2 March 2018
Instead of melting away as we’d expected, the snow kept on falling. All day and all night it fell. By morning the decking and garden were covered in a thick layer of white and it was still snowing sporadically. My mission for the day was to take a parcel to the post office and maybe take a walk down to the river. With my yaktrax on and so many clothes I could barely move my arms, I set off.
The snow was powdery and deep, at least for southern England. It crunched satisfyingly underfoot. My pleasure in walking through it lasted all the way to the main road, all of a hundred yards.
Now the snow was dirty grey and packed down by passing feet. The road had been gritted at some point and was relatively clear but there were icy patches on the hill. There wasn’t a great deal of traffic but what there was was moving fast. Every passing car made me nervous. A lady came past towing her shopping on a tabogan. It’s not something you see every day but I had to admire her inventiveness.
Even wearing yaktrax the climb to the top of the hill was hard work. The deep, dirty snow took a lot of effort to negotiate, a little like walking through wet sand. Several cars skidded through the red traffic light as I waited to cross the road, adding to my nervousness.

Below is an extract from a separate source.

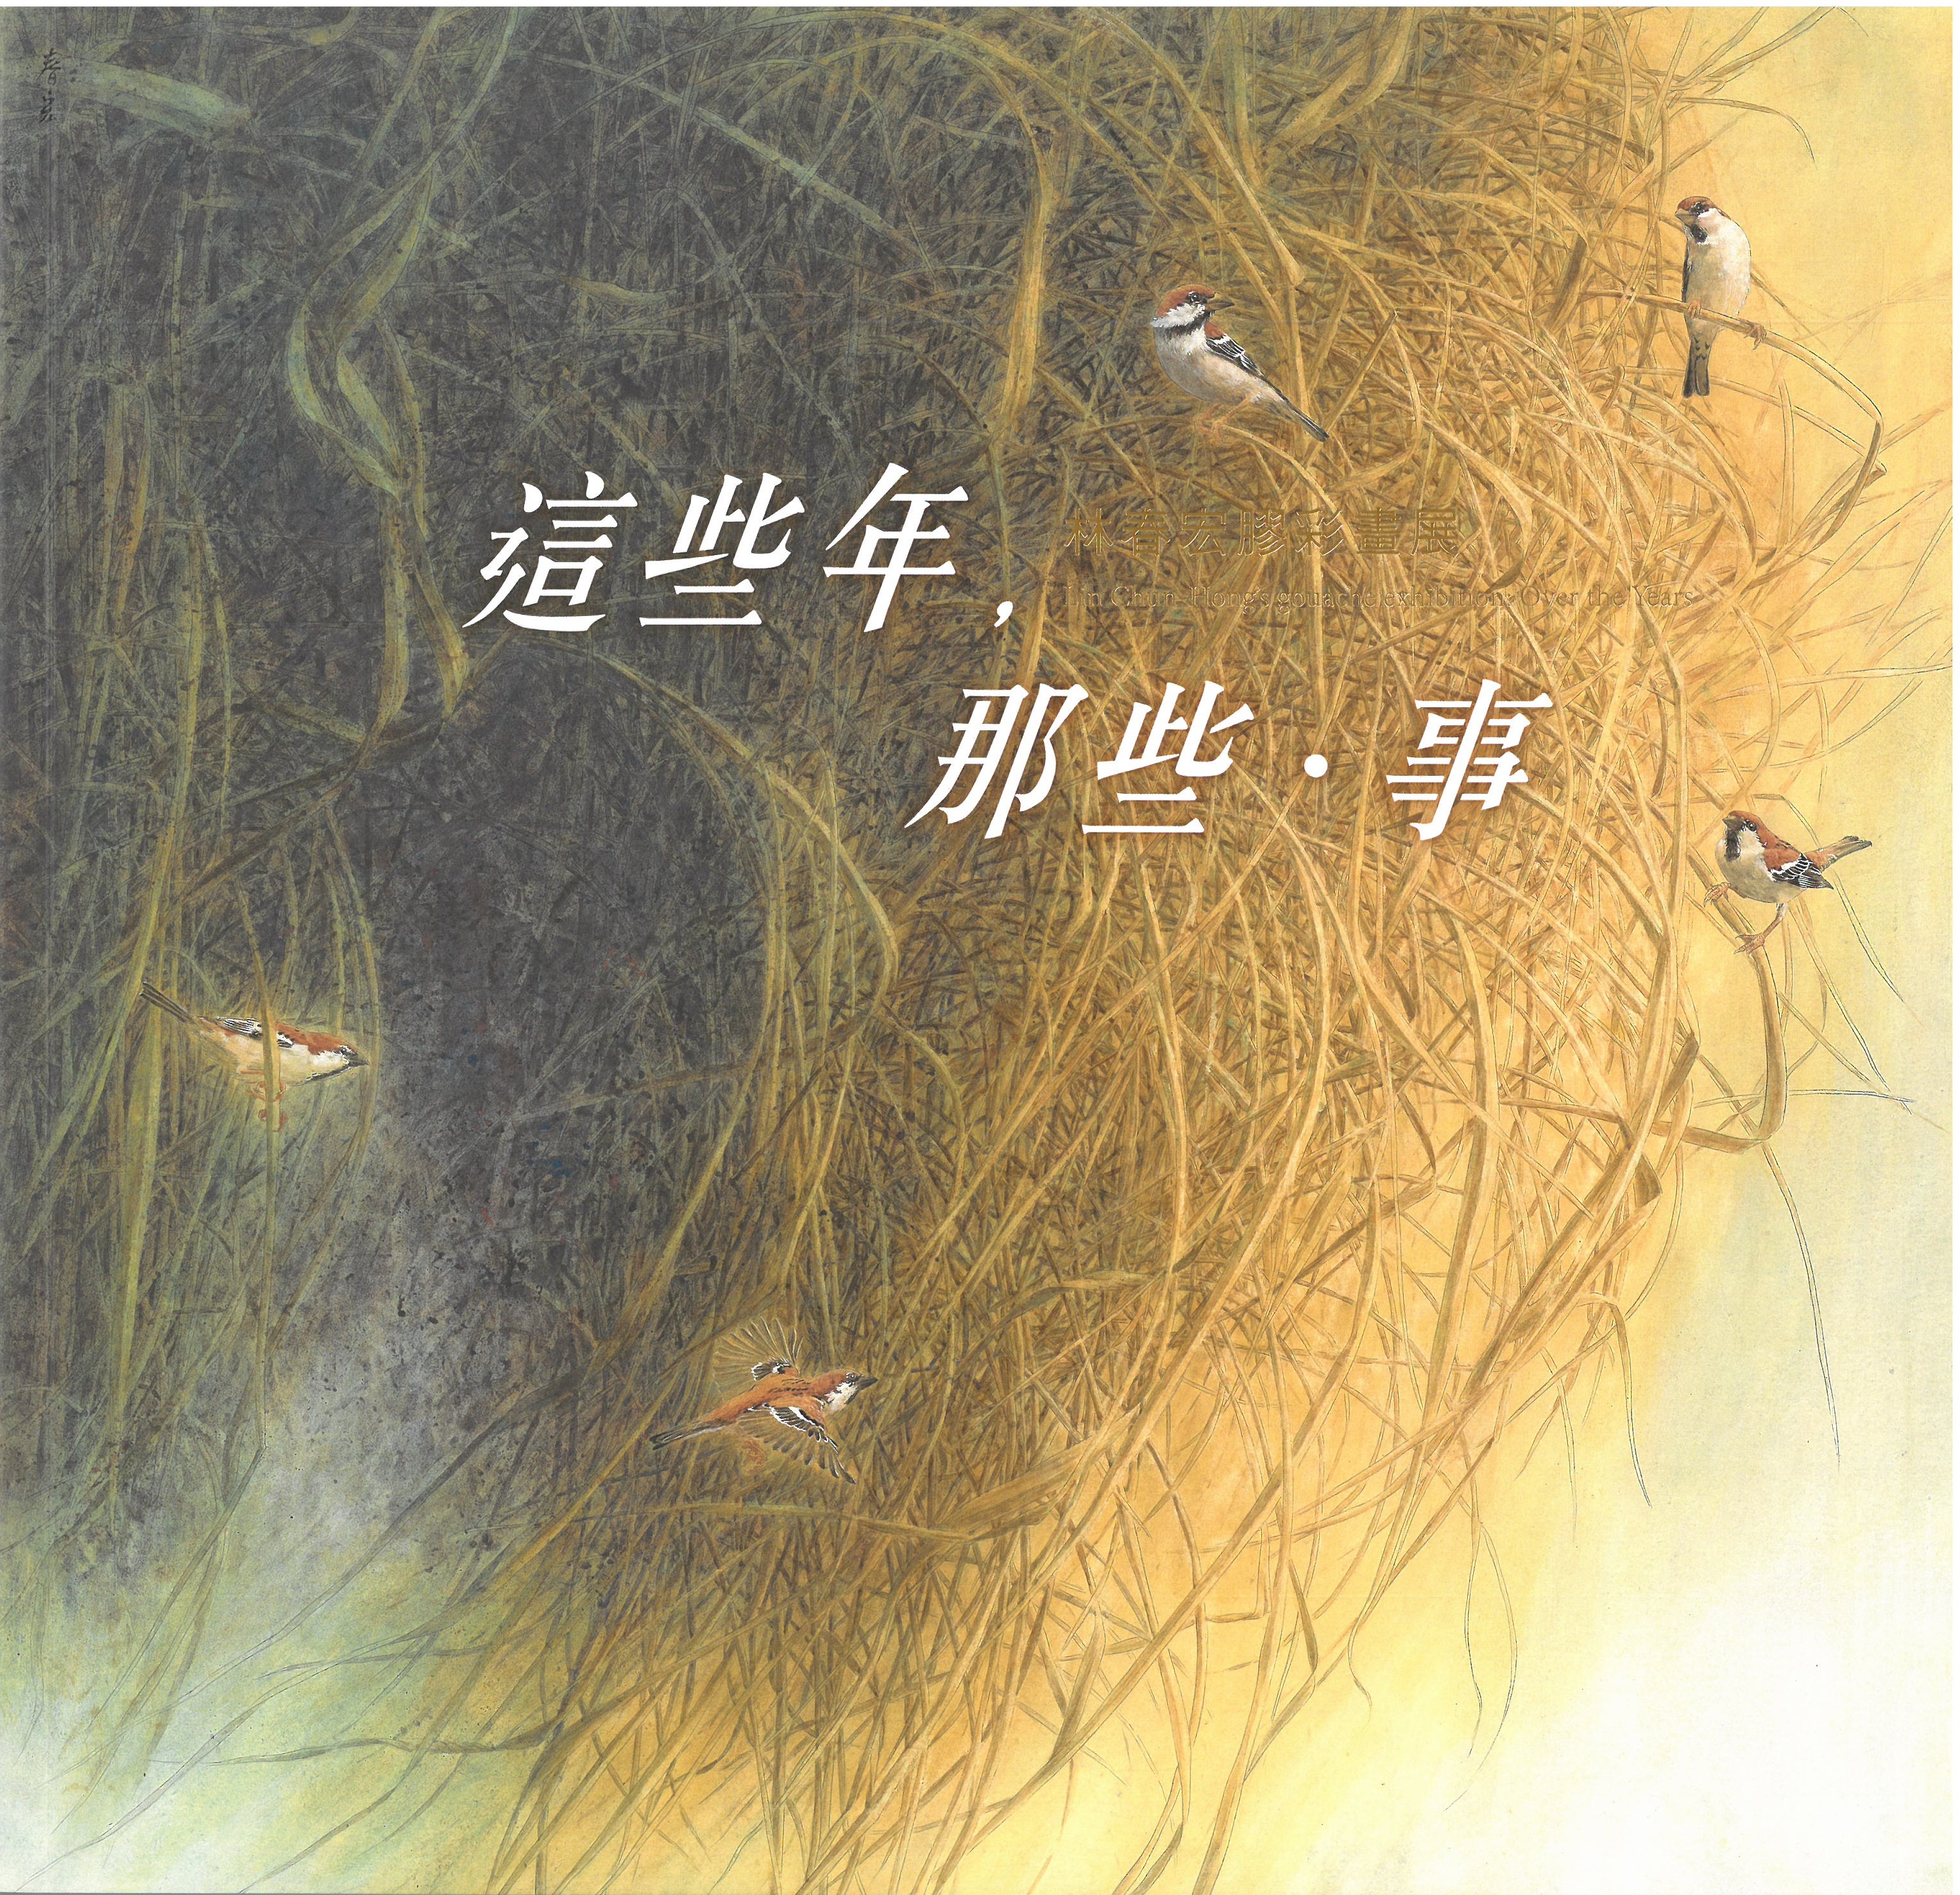 (絕版)這些年，那些．事—林春宏膠彩畫展 / 藝術薪火相傳—第10屆臺中市美術家接力展 封面

It was a relief to reach to top of the hill and get away from the traffic. The climb had taken far more effort than I’d expected, leaving me hot and breathing heavily in all my layers of clothes, although my fingers and nose were frozen. After all that, the post office, like many of the village shops, was closed.
My trek up the hill had been a waste of effort and I had to carry my parcel back home. Walking back down the main road with my back to the skidding cars didn’t bear thinking about so I decided to take the back streets even though it would be a longer walk. The smaller roads were ungritted and snow covered. The traffic was almost non existent and the snow was, for the most part, still white and crunchy. The hill was far steeper but at least I was going down rather than climbing.
The snow was falling again when I got to the top of the Little Hill. As the local children were taking advantage of the steep, slippery hills, I decided to walk the long way round rather than risk being hit by an out of control toboggan.
It was a pleasant enough walk. The yaktrax made short work of the snow and even coped with the icy patches where people had cleared the paths. Pretty soon I was turning the corner and looking down on my little house all covered with snow.
When I set out I’d thought about walking down to the river. Now all I could think about was getting inside in the warm. Sometimes snow is better from the inside looking out.